A Doub family member, John Nicholas Daub (or Taub), came with his wife and family to the New World in 1752, spreading widely in mid-Atlantic colonial America.
- John Nicholas Doub (March 19, 1722, Minfeld, Rhineland-Palatinate – 1790, Frederick County, Maryland). He was the ninth and last child of Hans Ludwig Daub (1677 – October 2, 1730, Minfeld) and Maria Juliana Gros. He married (February 7, 1741) to Anna Maria König.
- Anna Maria König (July 31, 1718, Minfeld, Rhineland-Palatinate – before 1790, Frederick County, Maryland), wife of John Nicholas Doub, was the daughter of Frantz König and Rahel Bucke.
- :They came from Germany to Frederick Co. with three children:
  - Johann Jacob Doub (February 27, 1744, Minfeld – 1824, Frederick Co).
  - Maria Elizabeth (May 21, 1746, Minfeld – September 28, 1765, Frederick Co); married to Valentine Lingenfelter.
  - Catharine Magdalena (born June 8, 1749, Minfeld).
- :Their fourth child, Maria Magdalena (born January 22, 1756) in Frederick Co., Maryland.

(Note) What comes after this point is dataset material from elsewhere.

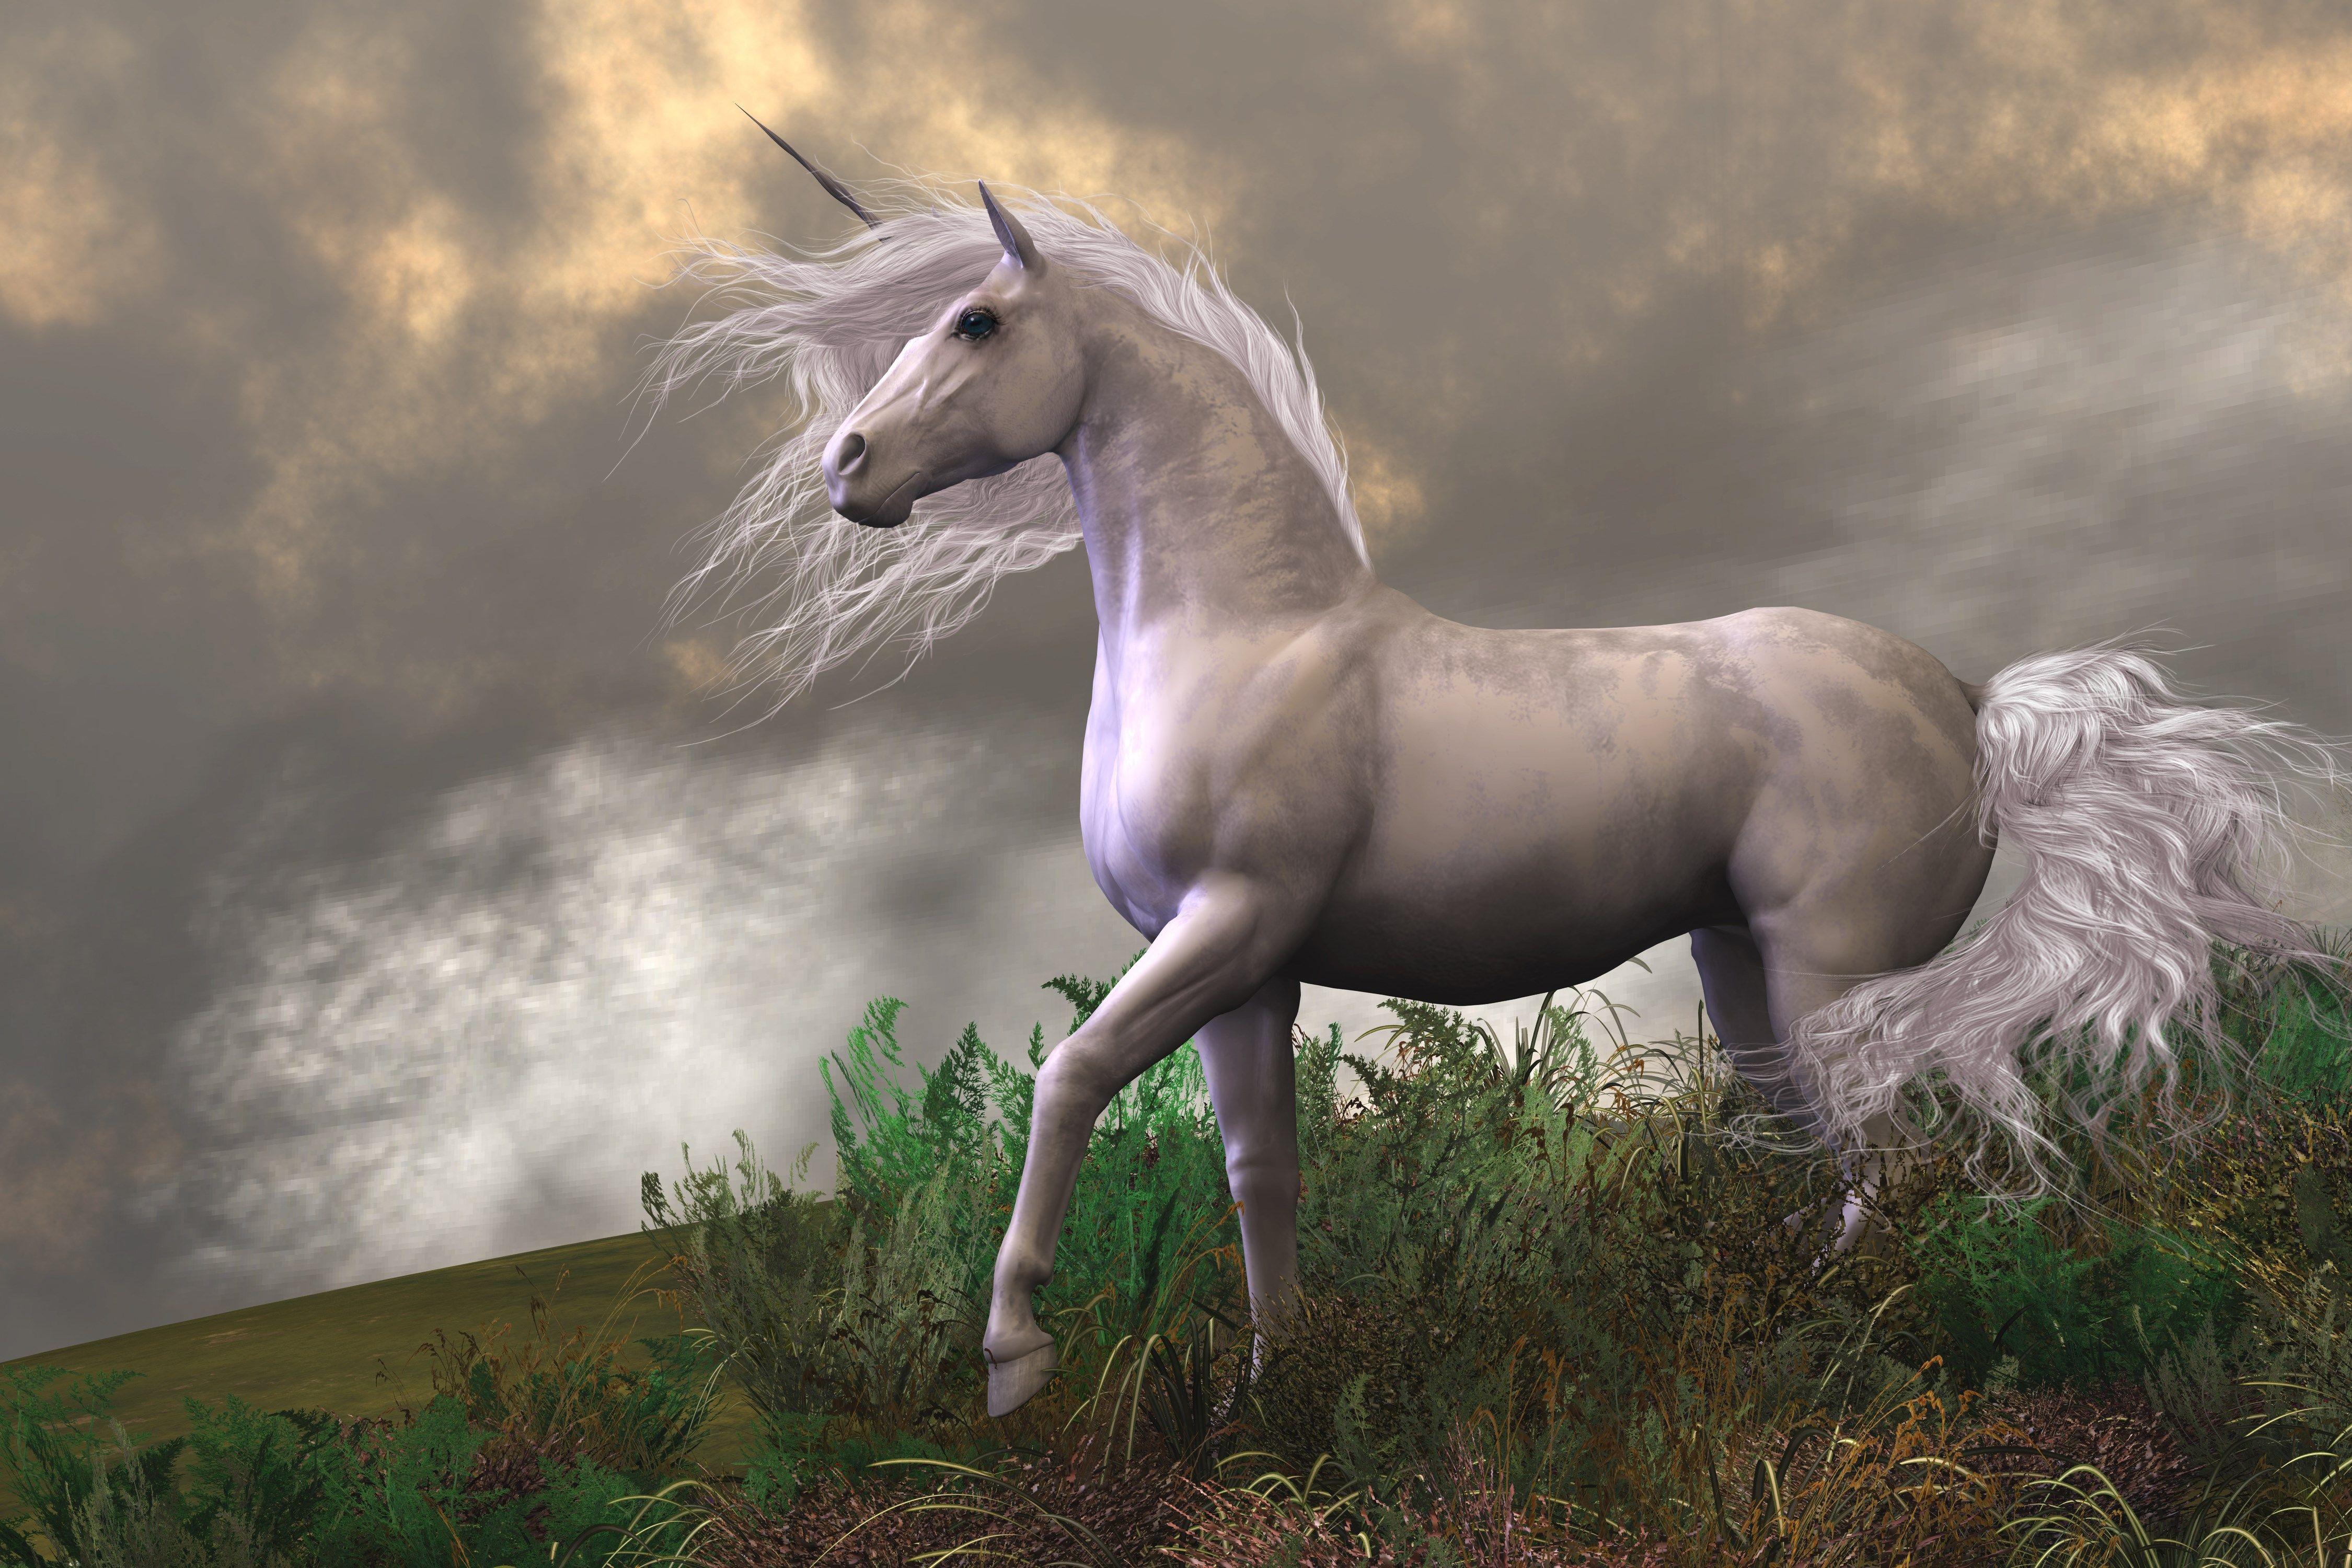 4k unicorn hd wallpaper (4500x3000)   Pinterest   Unicorns, Computer ...

Another Doub, Johan Doub, was born March 27, 1742, in Littfred (now Kreutzal), Germany. He married Mary Eve Spainhour, daughter of Jacobus Wernhardt Spainhour and Elizabeth Lohner, and died October 20, 1814, in Vienna, Forsyth Co., North Carolina.

==Maryland Doubs==
John Jacob Doub (aka Jacob) (February 27, 1744 – 1824) was born in Minfeld, and moved to the new world with his parents, John Nicholas Doub and Anna Maria König. He then moved into Maryland from Pennsylvania, and died in Frederick Co., Maryland. The Maryland branch settled first in Frederick, Maryland, then further into frontier Maryland, starting in the early 18th century. Several early Doubs were active land speculators in Frederick, and their names are mentioned on many colonial-era deeds. Jacob Doub married Louisa Bowlus (Paulus) (February 2, 1750 – December 30, 1817), who was born in Frederick Co., Maryland, daughter of Andreas Bowlus and Anna Maria his wife, and who died at Middleton, Frederick Co. Together they had seven sons, and two daughters, Rosanna and Catherine:
- (John) George (1774–1858), who went west and settled in Louisville, Kentucky. He had a son, John Doup (born 1799) and two daughters, Lydia Elizabeth (1801–1888), who married her first cousin Daniel; Elizabeth (1814–1878).
- John (1781–1854) who settled at Beaver Creek.
- (John) Jacob (1771–1738) settled near Myersville, Maryland, on the Eldridge farm, and is buried in the old Jerusalem graveyard. He had six sons: John (died a young man), Daniel (who went west), George (lived near Hyersvill, and had a son Isaih), Jacob (who went west and became a Methodist minister, and had one daughter), Jonathan (settled in Washington Co, in the area of Hagerstown) and David (bachelor who lived and died near Myersville); and daughters: Elizabeth (1804–1857) Mrs John Harp, and Catherine (1807–1859) Mrs Joseph Bowlus.
- (John) Abraham (1777–1853) settled near Myersville. He married a Miss Catherine Thomas from Washington Co, Maryland, and had eight children: Joel (1806–1893, settled near Chewsville, Wash. Co, Maryland), Enos (1806–1896, married Elizabeth Sheffer), Ezra (1814–1892, married Annie Eyler and settled near Boonesboro, Maryland), Samuel (1812–1837, married a Miss Tom and Settled near Bonnesboro, Maryland), Elizabeth (1806–1844, who died young), Mary (1819–1892, married David Eyler of Thurmont, Maryland), Catherine (married Joel Schlosser, Boonesboro, Maryland) and Lydia (18810-1863, died single).
- Valentine married a Miss Kemp, and settled near Frederick, Maryland, on the Miller farm, where a number of the family is buried. They had three sons: Joshua, Ezra and Valentine. Joshua had sons (William and Valentine) and a daughter, Mrs William B. McCleery, in Frederick, Maryland. Ezra had one son, Wilton, who went to California. Valentine had one son, Charles.
- Henerey (Henry) went west, and is the father of the Ohio Doubs.
- Frederick died young, leaving a wife and a daughter.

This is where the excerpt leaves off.